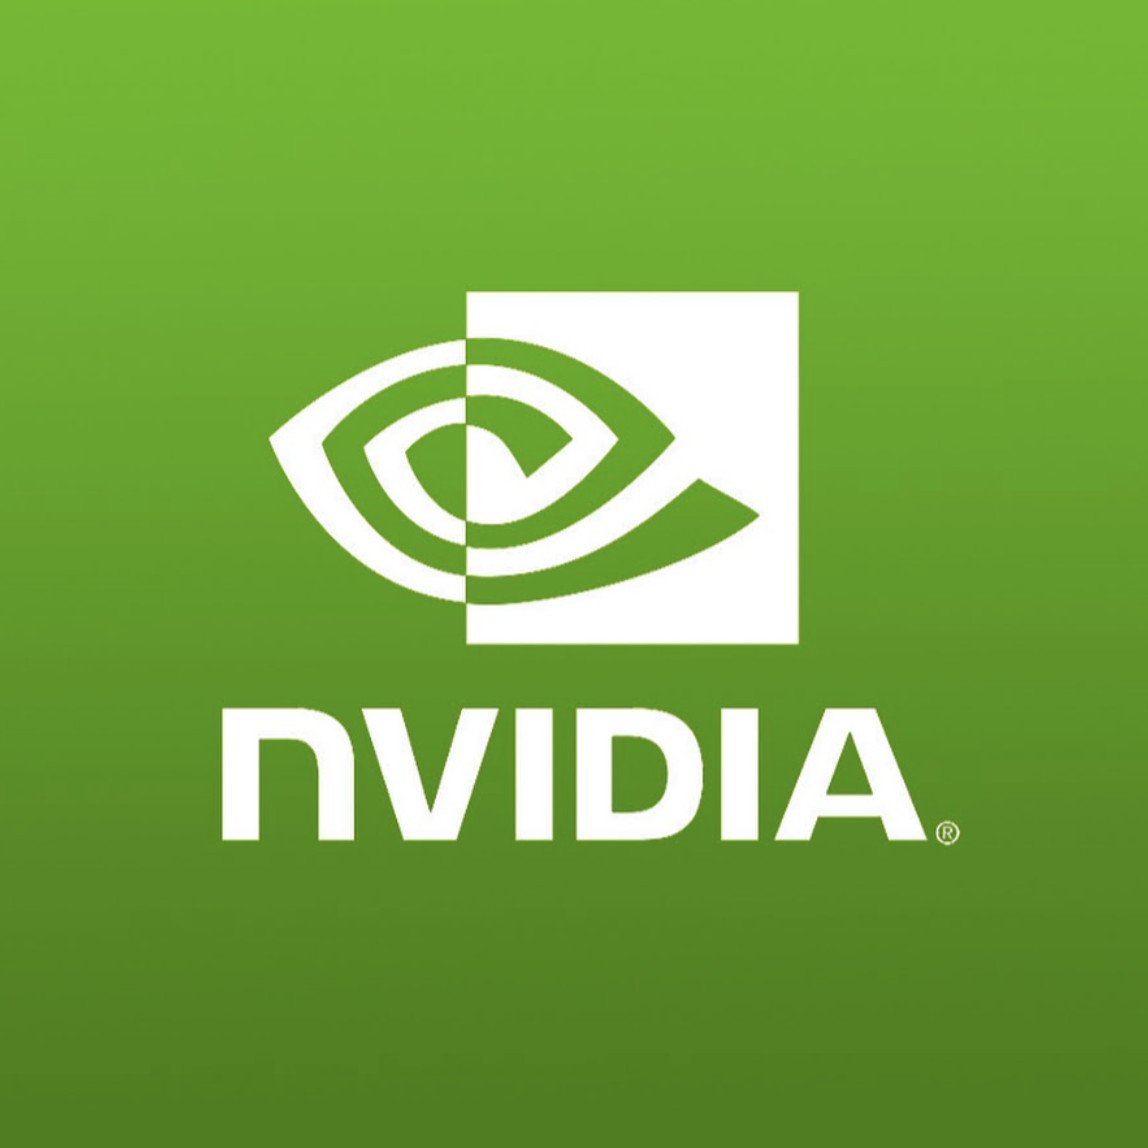 The+Nvidia+Logo.
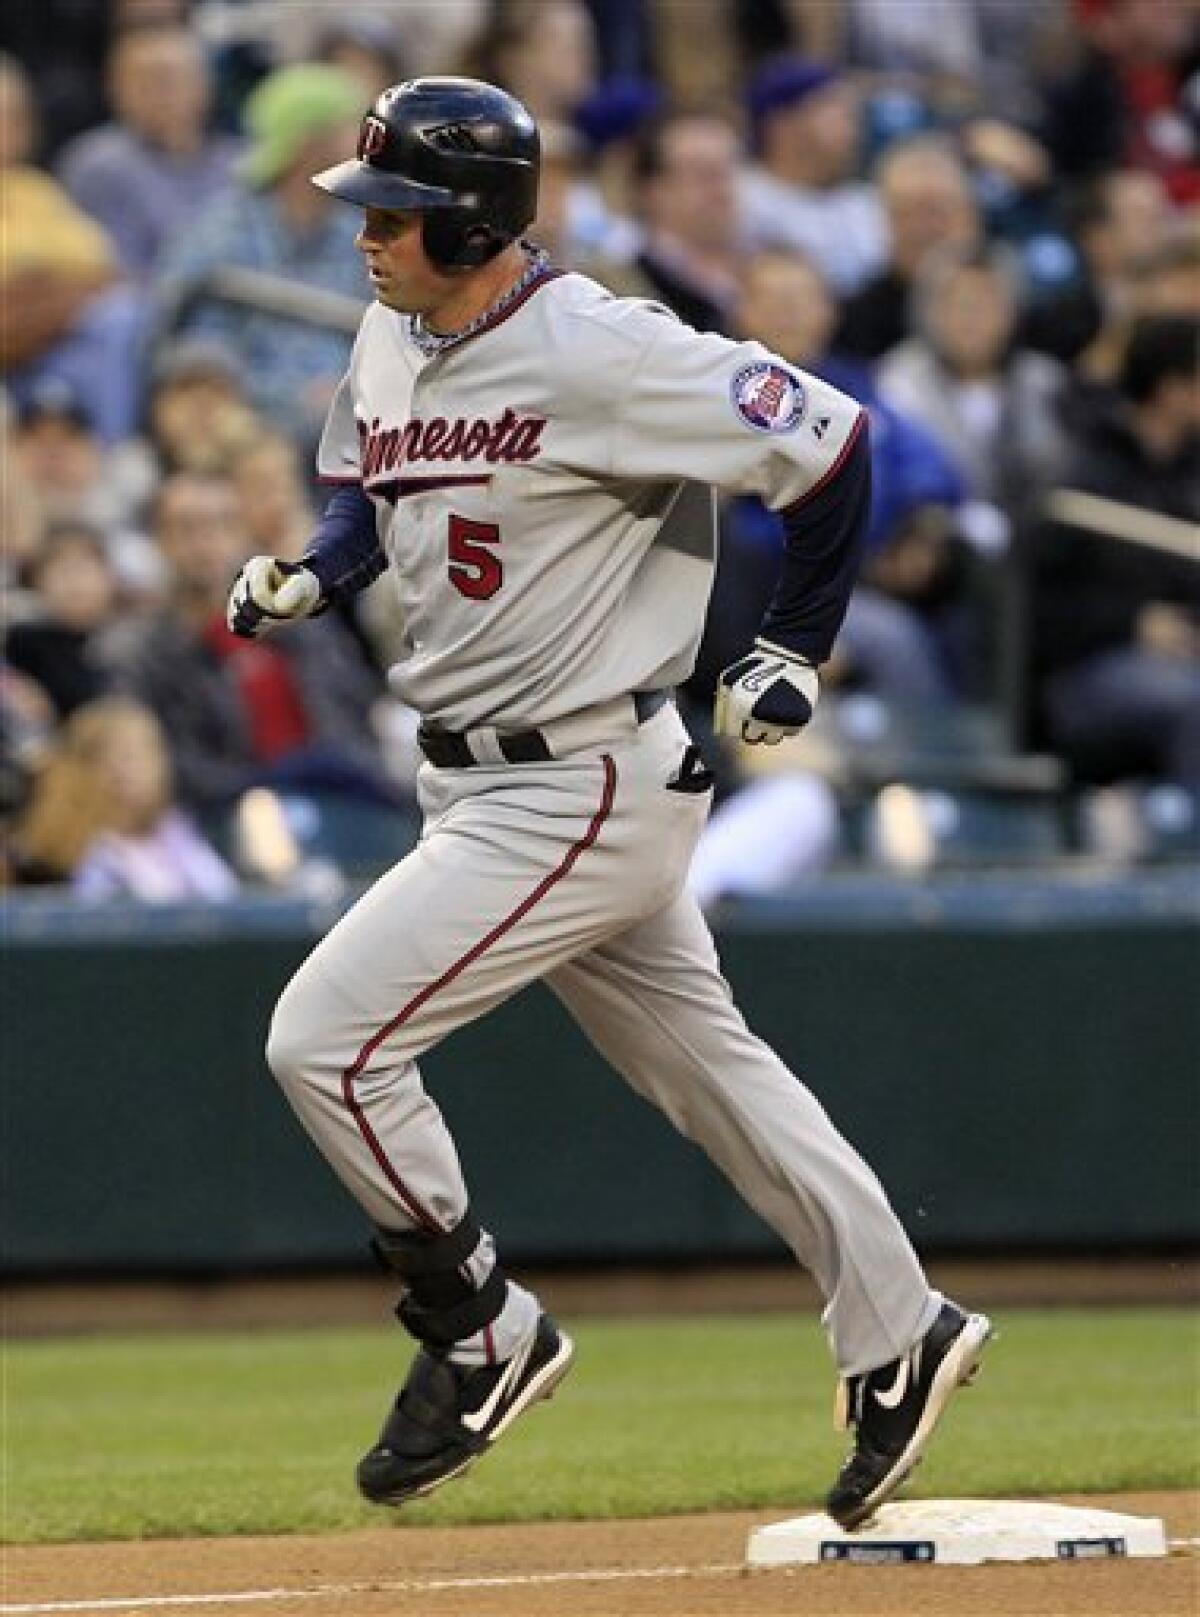 Ken Griffey Jr. retires from baseball on June 2, 2010, ending the
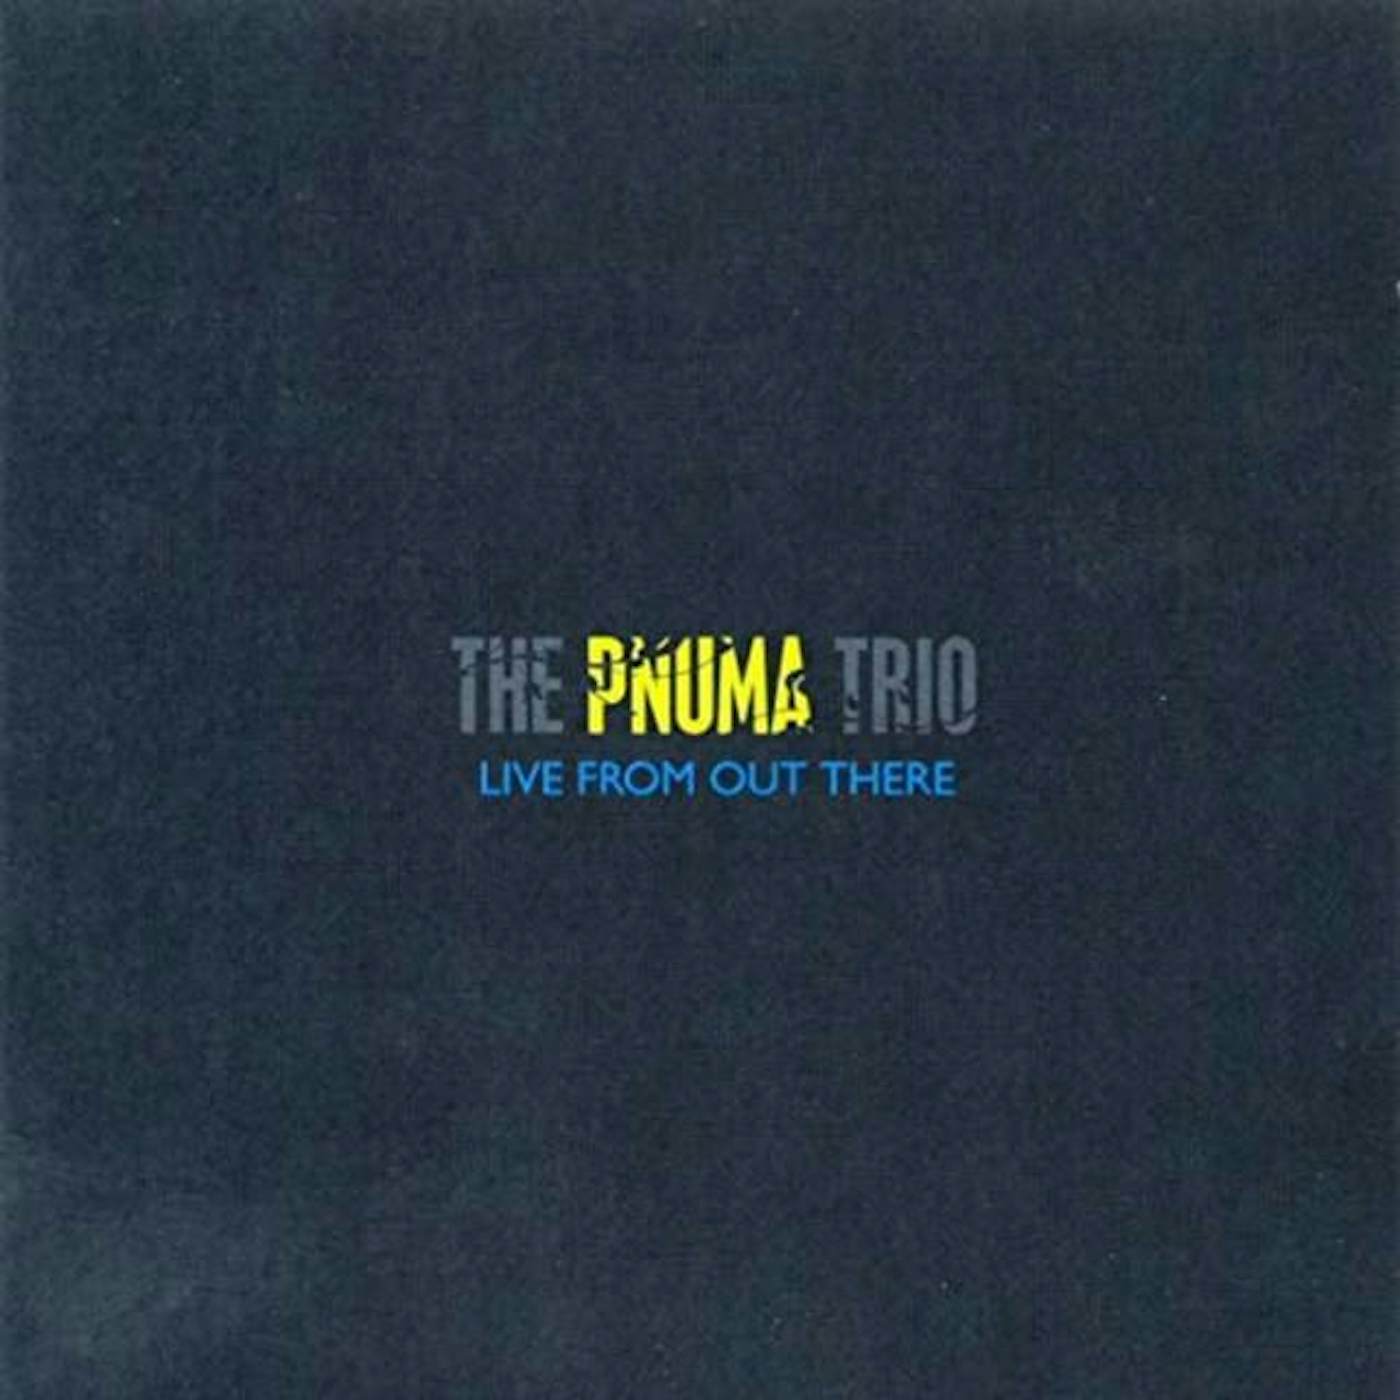 The Pnuma Trio

◆ EXERCISE INSTRUCTIONS ◆
Return the data exactly as it stands, minus the pictures.

◆ OUTPUT BELOW ◆
 The+Nvidia+Logo.
 Ken Griffey Jr. retires from baseball on June 2, 2010, ending the
 The Pnuma Trio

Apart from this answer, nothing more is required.